> DIRECTIONS:
Without the pictures, repeat all of the data exactly as it appears below.

> THE DATA:

========================================================================

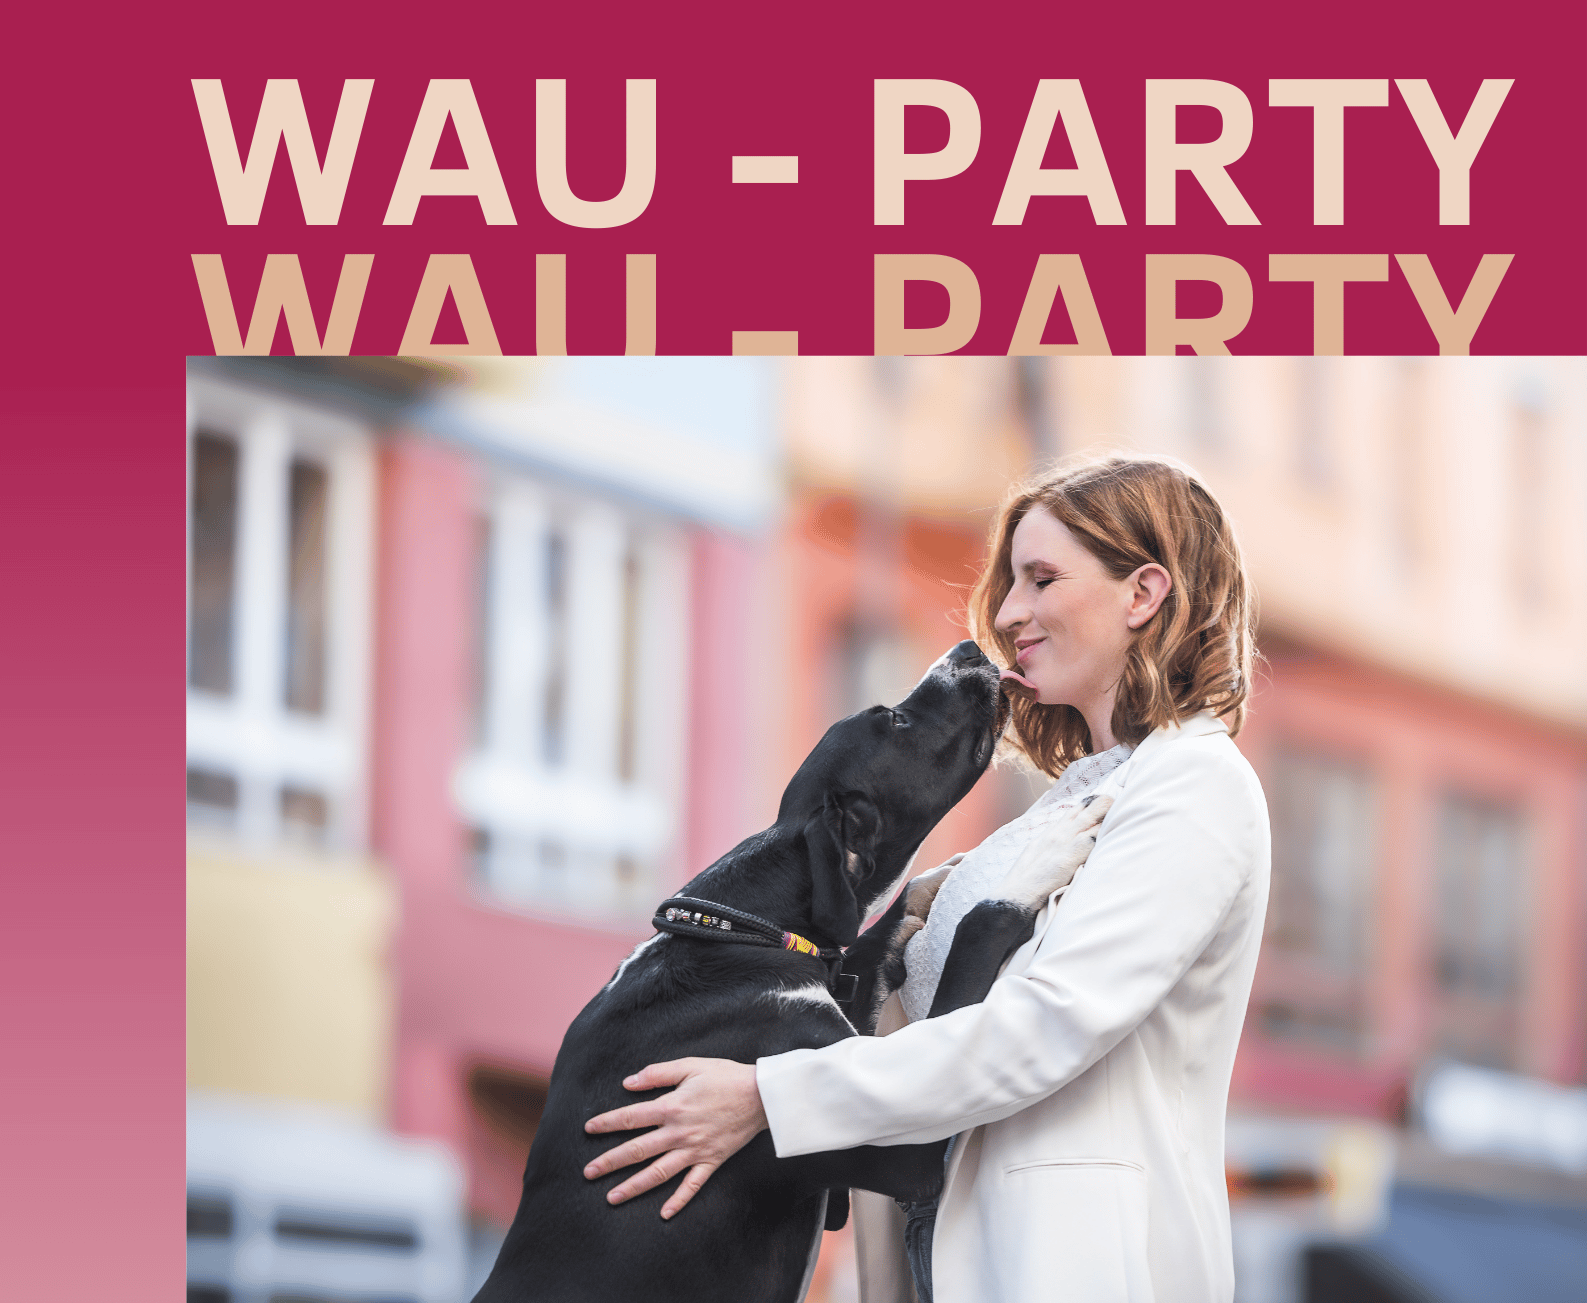 Wau-Party
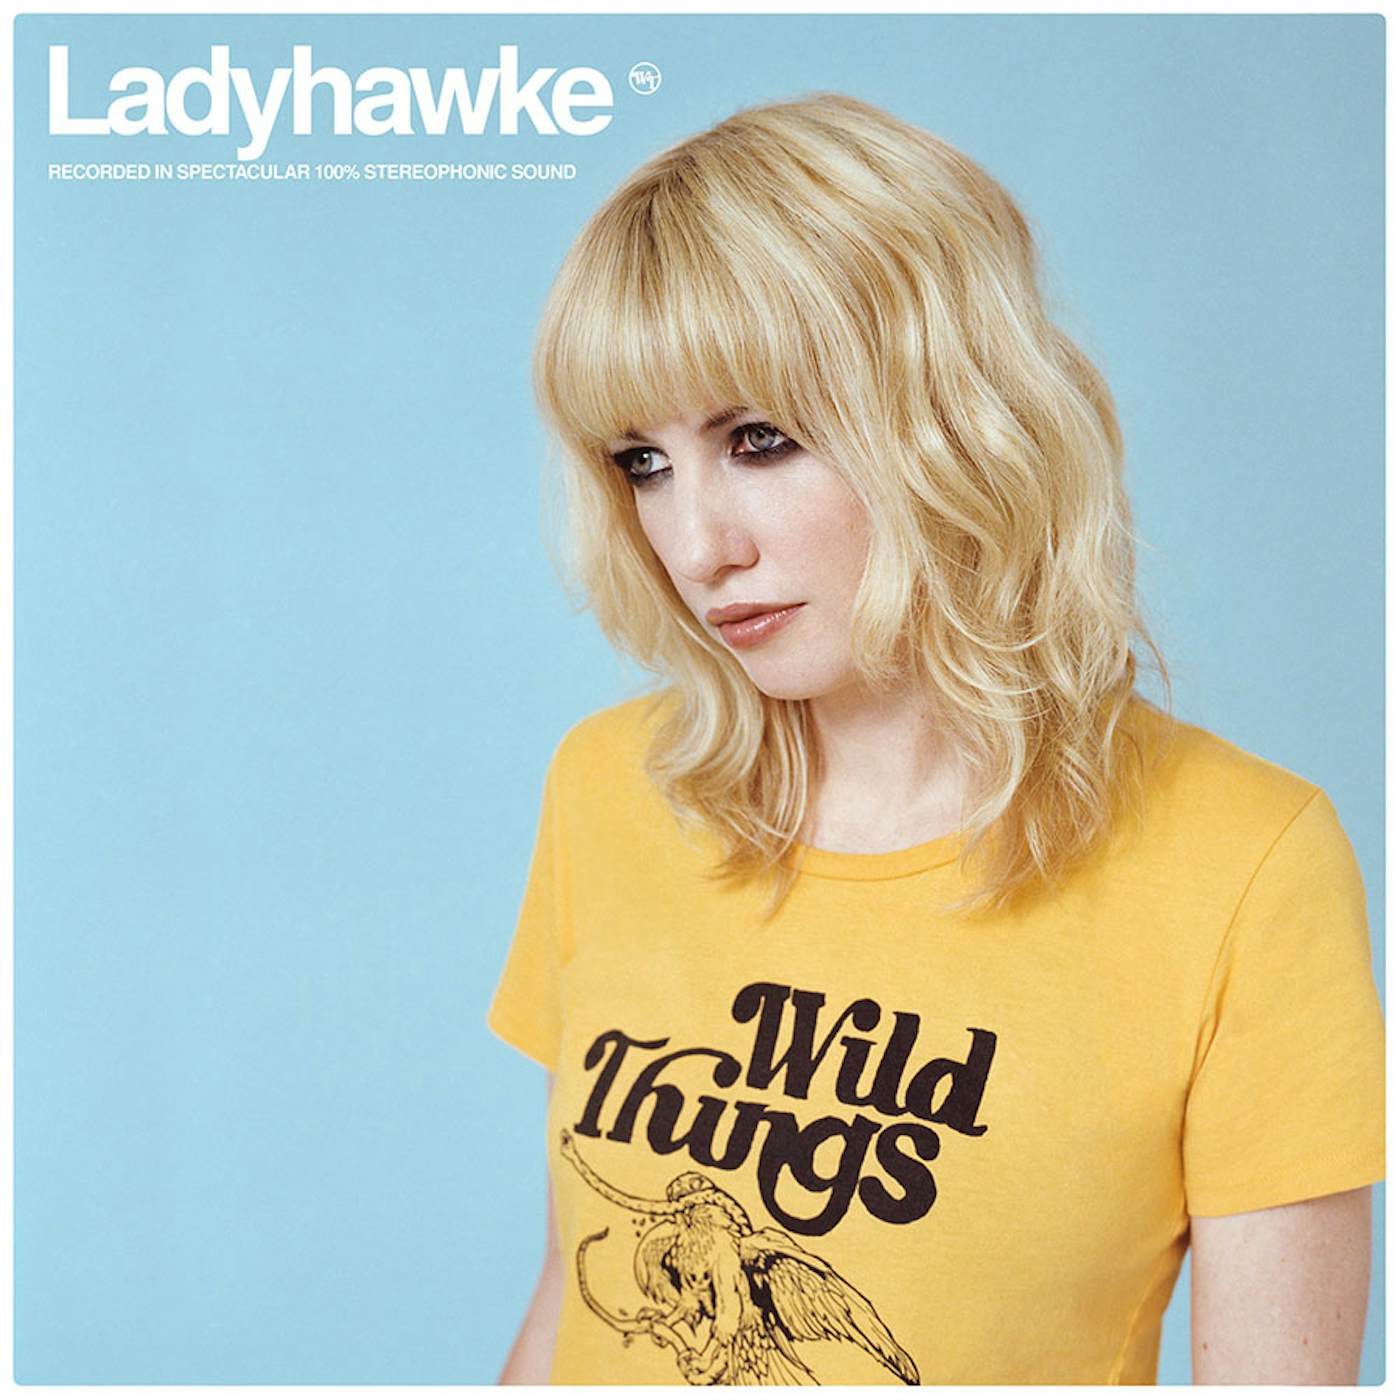 Ladyhawke Wild Things Vinyl Record
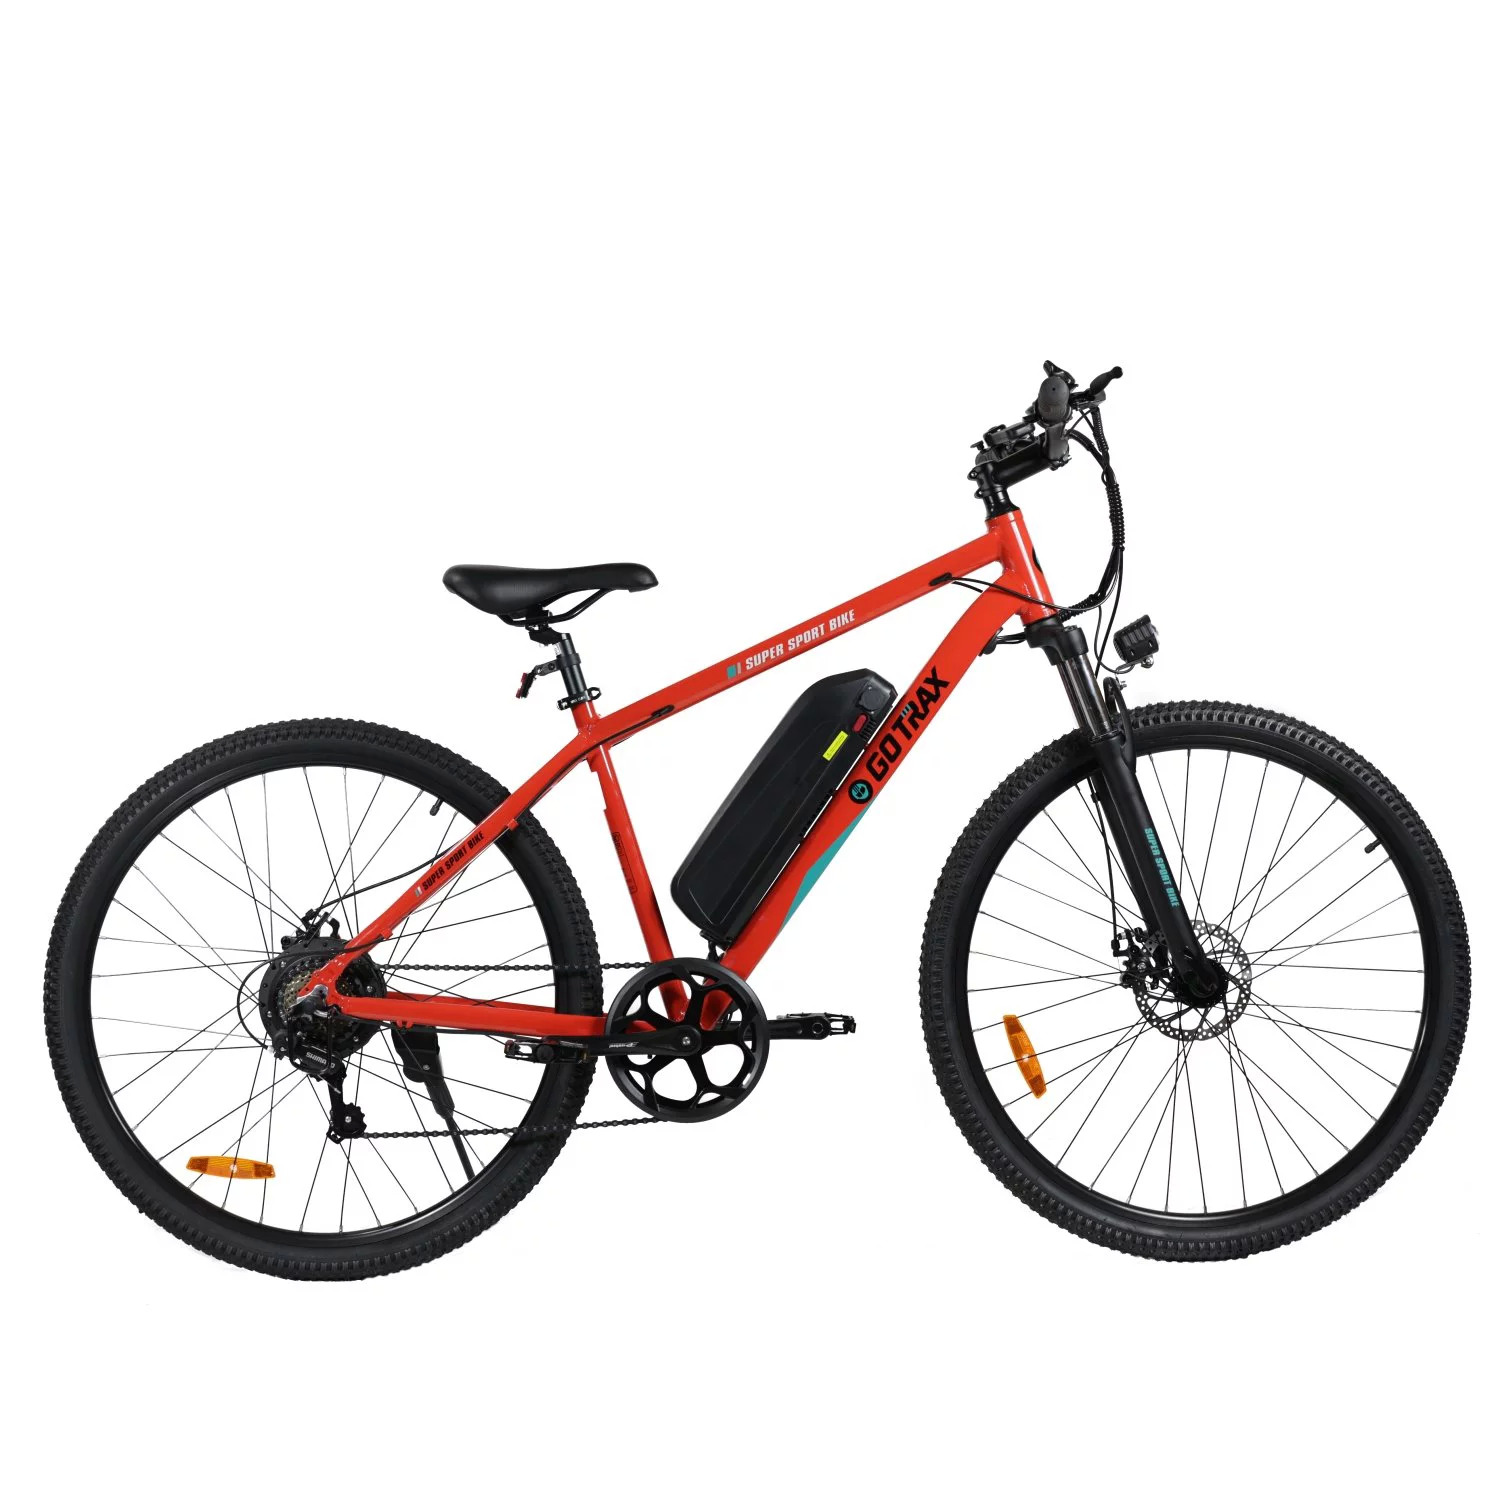 29" GOTRAX 500W Traveler Electric Bicycle (Orange) $648 + Free Shipping

========================================================================

> RESPONSE BELOW:
 Wau-Party
 Ladyhawke Wild Things Vinyl Record
 29" GOTRAX 500W Traveler Electric Bicycle (Orange) $648 + Free Shipping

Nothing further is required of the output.